1934年,挪威生化学家、医生Fölling发现一群患者尿液与FeCl3发生反应生成了绿色物质,并证实该物质是患者尿中存在的特征性的苯丙酮酸(phenylpyruvic acid,Phe),由此,他首次诊断与报道了苯丙酮尿症(phenylketonuria,PKU)。此后,很多学者开始尝试通过某种试验来及早发现苯丙酮尿症病例,从而实现早期干预。当时的方法主要分为两类,一类是利用尿液样本,以英国为代表;一类是利用血液样本,以美国的Guthrie医生为代表。1961年美国Guthrie医生成功建立了细菌抑制法对血中苯丙氨酸进行半定量测定,尤其是创立了干血滤纸片血样采集法,才使得PKU的新生儿疾病筛查得以实现。1962~1963年他应用此方法在美国进行了40万例新生儿疾病筛查,确诊PKU患儿20余例。并对其进行了早期治疗,证明新生儿疾病筛查具有良好的社会效益与经济效益。从此,开创了新生儿疾病筛查的一个新时代,也为后人对更多新生儿疾病进行群体早期筛查点燃了激情与提供了范例。1973年Dussault等用干血滤纸片放射免疫方法来测定出生4~7天的新生儿末梢血T4水平进行先天性甲状腺功能减退症(CH)筛查。1975年,Irie和Naruse在日本采用干血滤纸片法进行CH筛查均获得成功,由此,以早期筛查PKU与CH为主的新生儿疾病筛查在欧美国家迅速掀起,并逐步普及。同时,新生儿疾病筛查的基础与临床研究也十分活跃,学术界接连召开地区与国际新生儿疾病筛查研讨会,助推了该项工作的深入开展。1982年,在日本东京召开的第二届国际新生儿疾病筛查大会上,提出了适合大规模筛查的四种疾病为PKU、CH、先天性肾上腺皮质增生症(congenital adrenal cortical hyperplasia,CAH)与半乳糖血症(galactosemia,GAL)。至20世纪90年代,串联质谱开始应用于新生儿疾病筛查,鉴于其高灵敏性、高特异性、高选择性和快速检测的特性,目前已能在2分钟内对1个标本同时进行数十种小分子物质的检测,即同时检测多种氨基酸、有机酸代谢紊乱和脂肪酸氧化缺陷病,实现了“一种实验检测一种疾病”到“一种实验检测多种疾病”的转变。不仅增加了检测疾病的种类,而且显著降低了假阳性率。随着技术的发展和对遗传代谢病认识的不断深入,很多新的疾病加入到串联质谱的筛查中,串联质谱将为新生儿疾病筛查开辟新的领域,书写新的篇章。

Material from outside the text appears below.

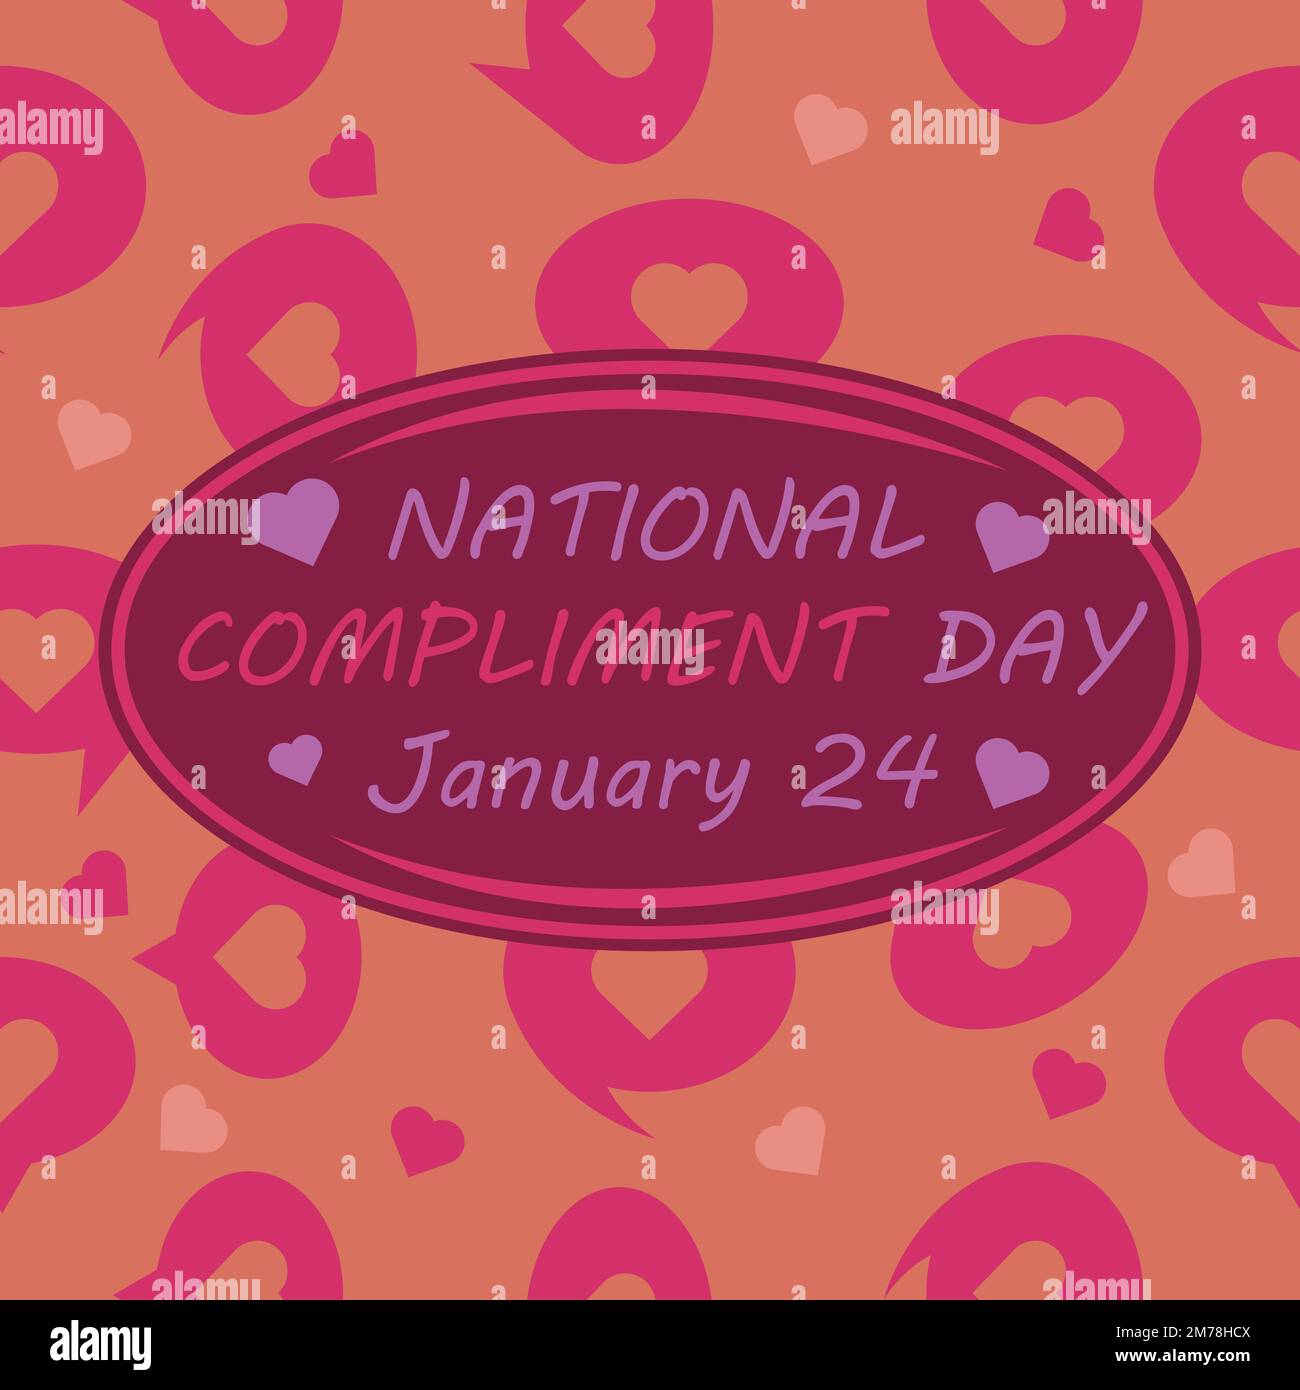 Vector banner design celebrating National complement day every january 24 with colorful and abstract background. National complement day poster design Stock Vector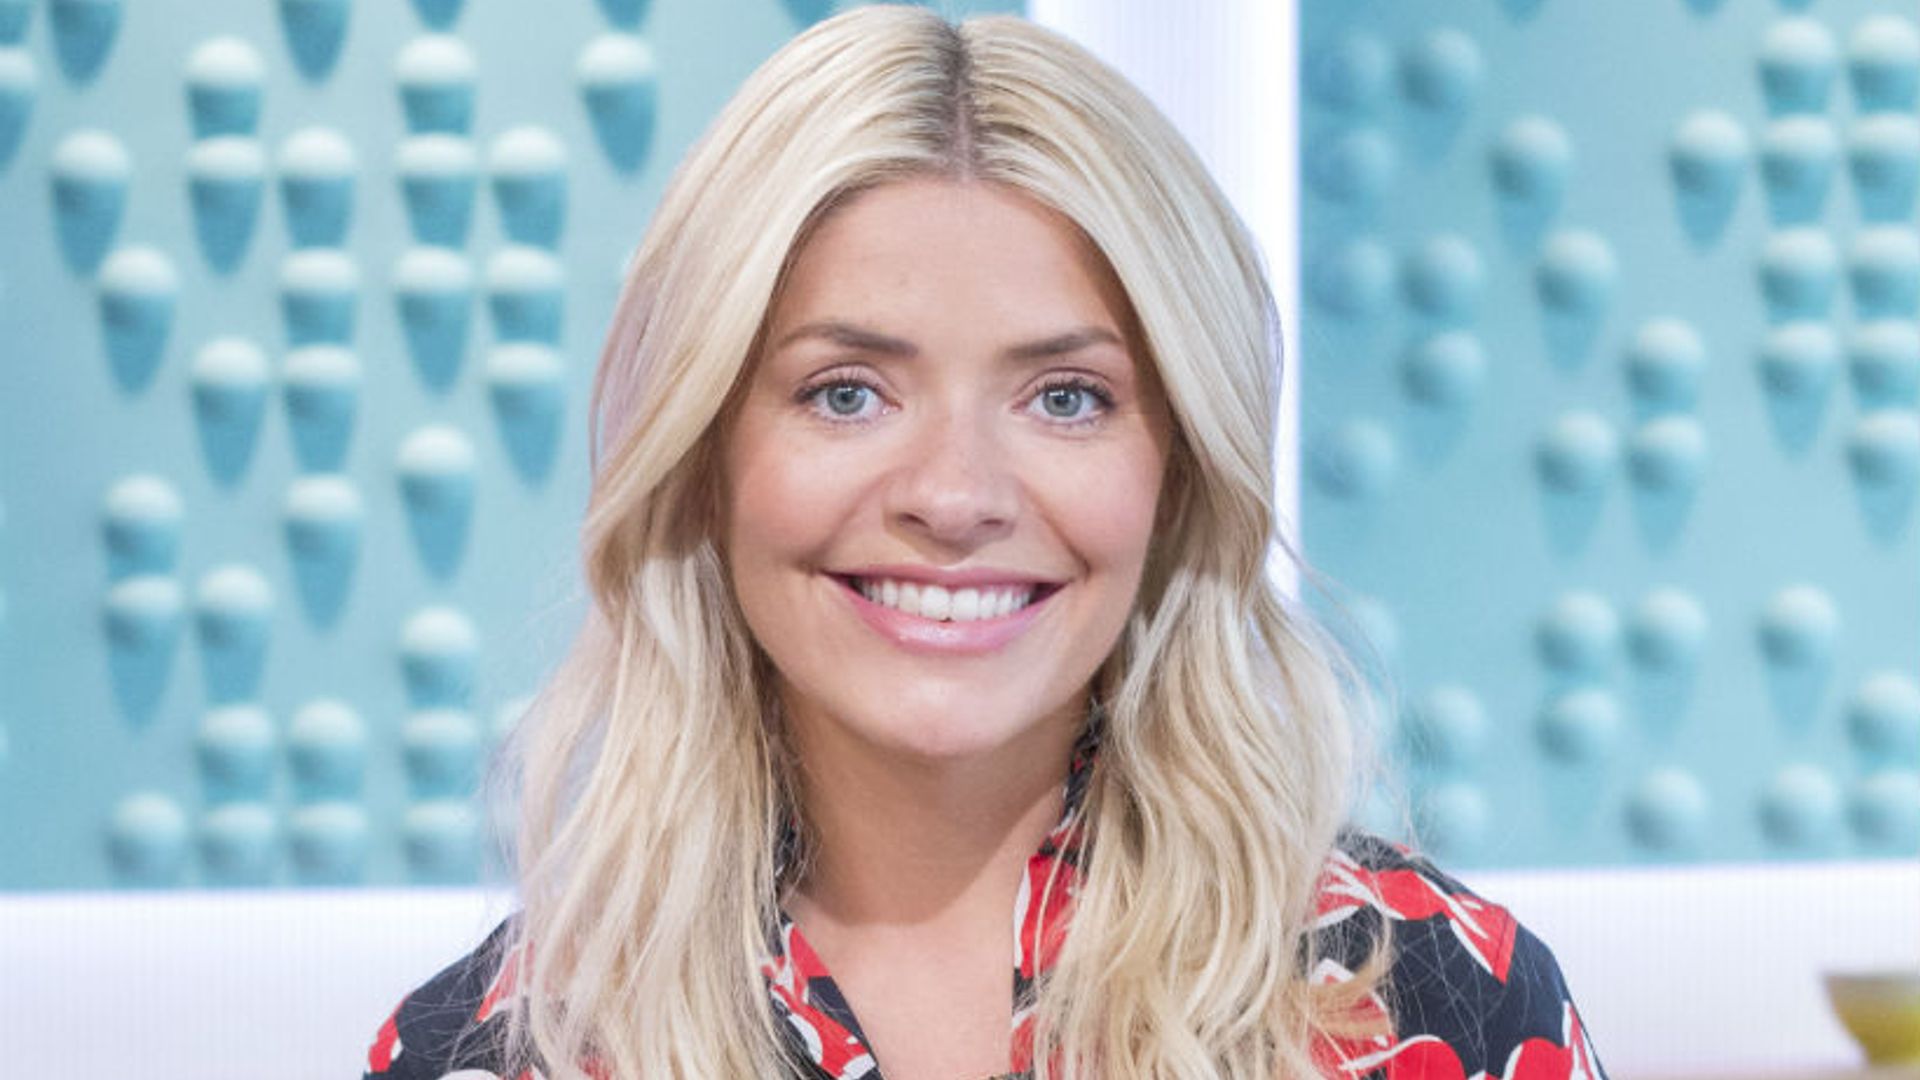 Holly Willoughby sets off to Dancing on Ice in brightest outfit yet

纵观国际新生儿疾病筛查50年的历史,美国与欧洲发达国家一直在引领新生儿疾病筛查的发展,也经历了起步期、推广期和快速发展期三个阶段。在20世纪60年代,受到经济条件、社会环境和技术的限制,只有少数发达国家开展新生儿疾病筛查,筛查病种为PKU。美国各州开始建立新生儿疾病筛查项目,1963年初,马萨诸塞州成为强制执行新生儿疾病筛查的第一州,有21个州通过立法将新生儿疾病筛查作为强制项目,但一直缺乏统一的国家政策。由洛杉矶st Joseph医院、加利福尼亚州以及投资方Philips合作研究,在检测前血斑取样的自动化(血斑打孔)方面也取得了突破性进展,提高了检测的灵敏度,血斑打孔法的发现在新生儿疾病筛查发展史上具有重要地位。加拿大新生儿疾病筛查始于1963年,至60年代末,90%的省份开始了新生儿疾病筛查。英国于1964年引入细菌抑制法(bacterial inhibition assay,BIA)和干血滤纸片,1968年英国全部利用该技术筛查新生儿。新加坡是亚洲开展新生儿疾病筛查最早的国家(1965年),新西兰则是世界上第一个将新生儿疾病筛查提高到国家决策层面的国家(1966年)。澳大利亚也于1967年开展了新生儿疾病筛查。在20世纪60年代,上述国家主要关注的是新生儿疾病筛查技术,而不是整个筛查系统的组织管理,对于开展机构和技术人员的要求、筛查样本与信息的管理、病例的追踪和规范化随访治疗都不够明确。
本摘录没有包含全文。